I’ve done a quick typology of the spams and classified them in 4 categories:
the flatter
no link embedded in the message’s body but one as the user’s website. the message doesn’t contain explicit keywords and is written in the target’s language. the text is usually flattering and the incentive relies on the reciepient’s ego. it can also be a direct question to the recipient. usually promotes services: car insurance, travel, games…I read a lot of blogs recently and yours is among the best. I enjoy reading through your posts — clear as well as well written. Your page will go right to my bookmarks.

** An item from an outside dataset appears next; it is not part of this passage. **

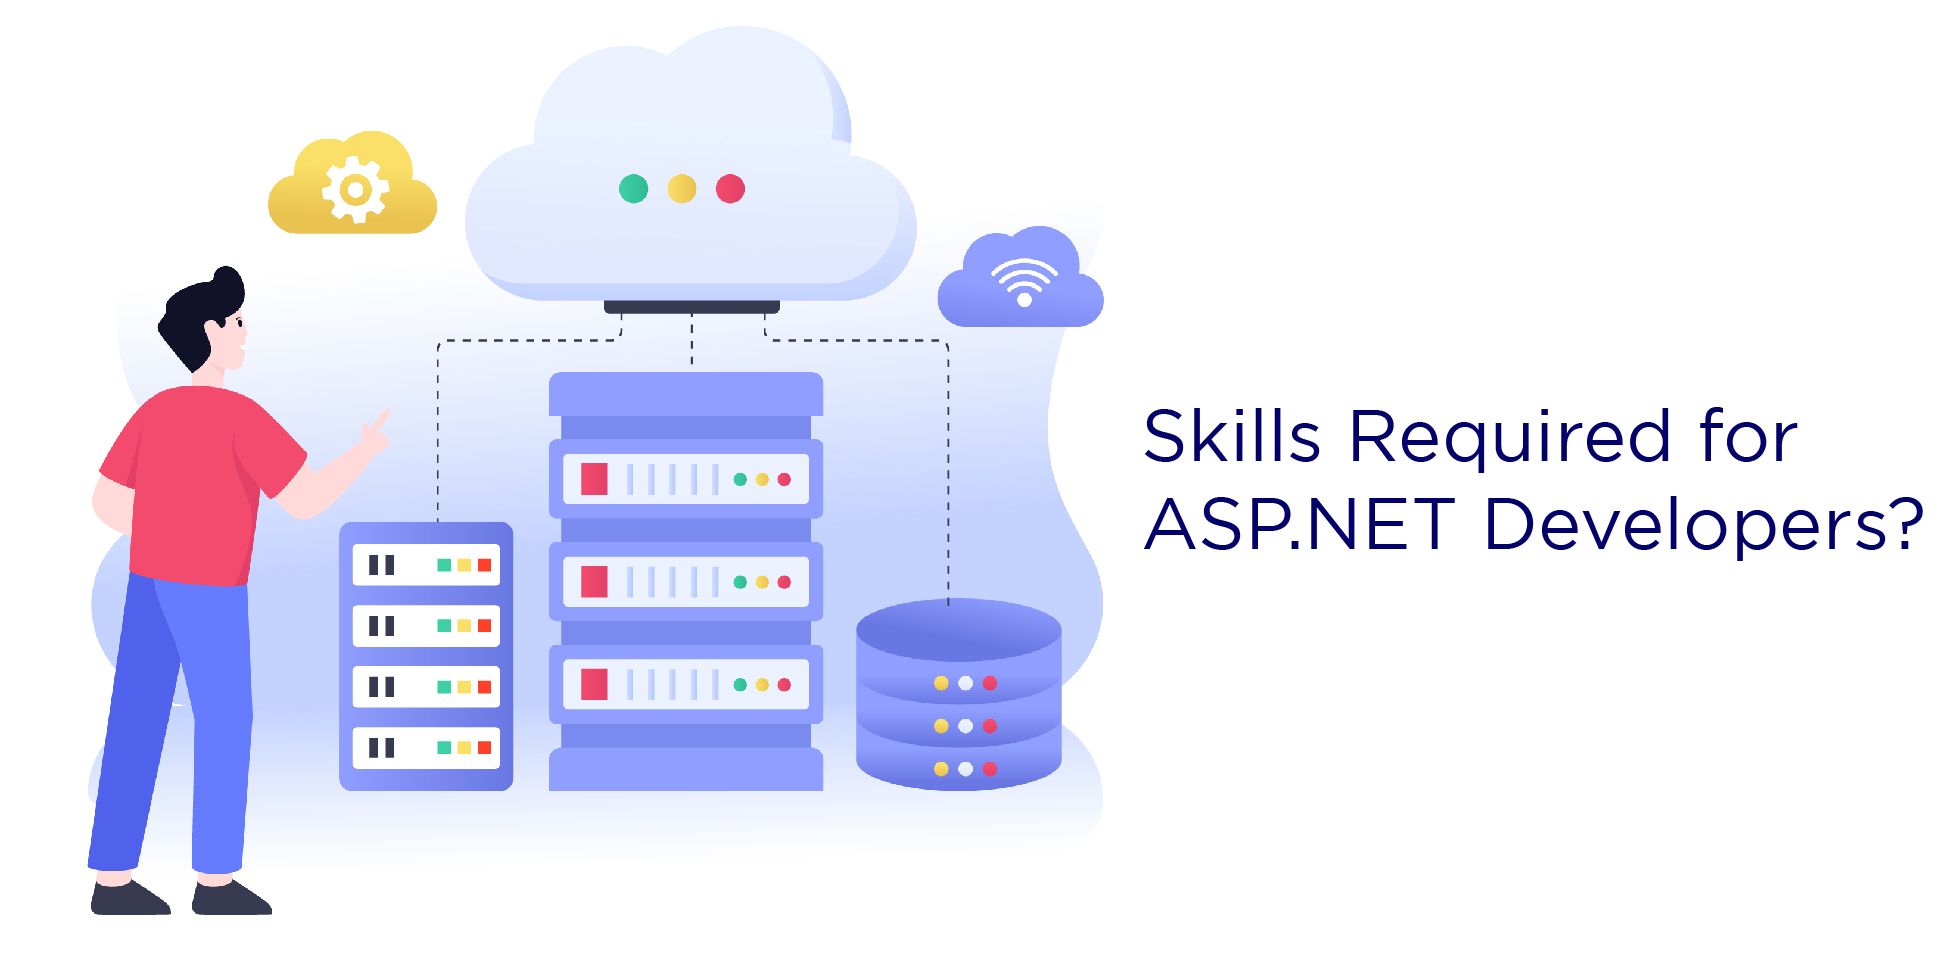 What skills do ASP.NET developers need to possess?

I got some good inspirational ideas after reading this. via
explicit lyrics
one link is embedded in the message’s body and as the user’s website. it contains explicit keywords and usually, the text is written in the target’s language. the incentive relies on health / voyeur / money making concerns and the fact that most of the recipients could be concerned by the keywords. it can promote anything related or not to the text.cardio exercise Hello, losing fat genie made it easy and enjoyable to lose weight. via
naked taylor swift pics taylor swift nude picture via ( it’s a trap! I checked :) )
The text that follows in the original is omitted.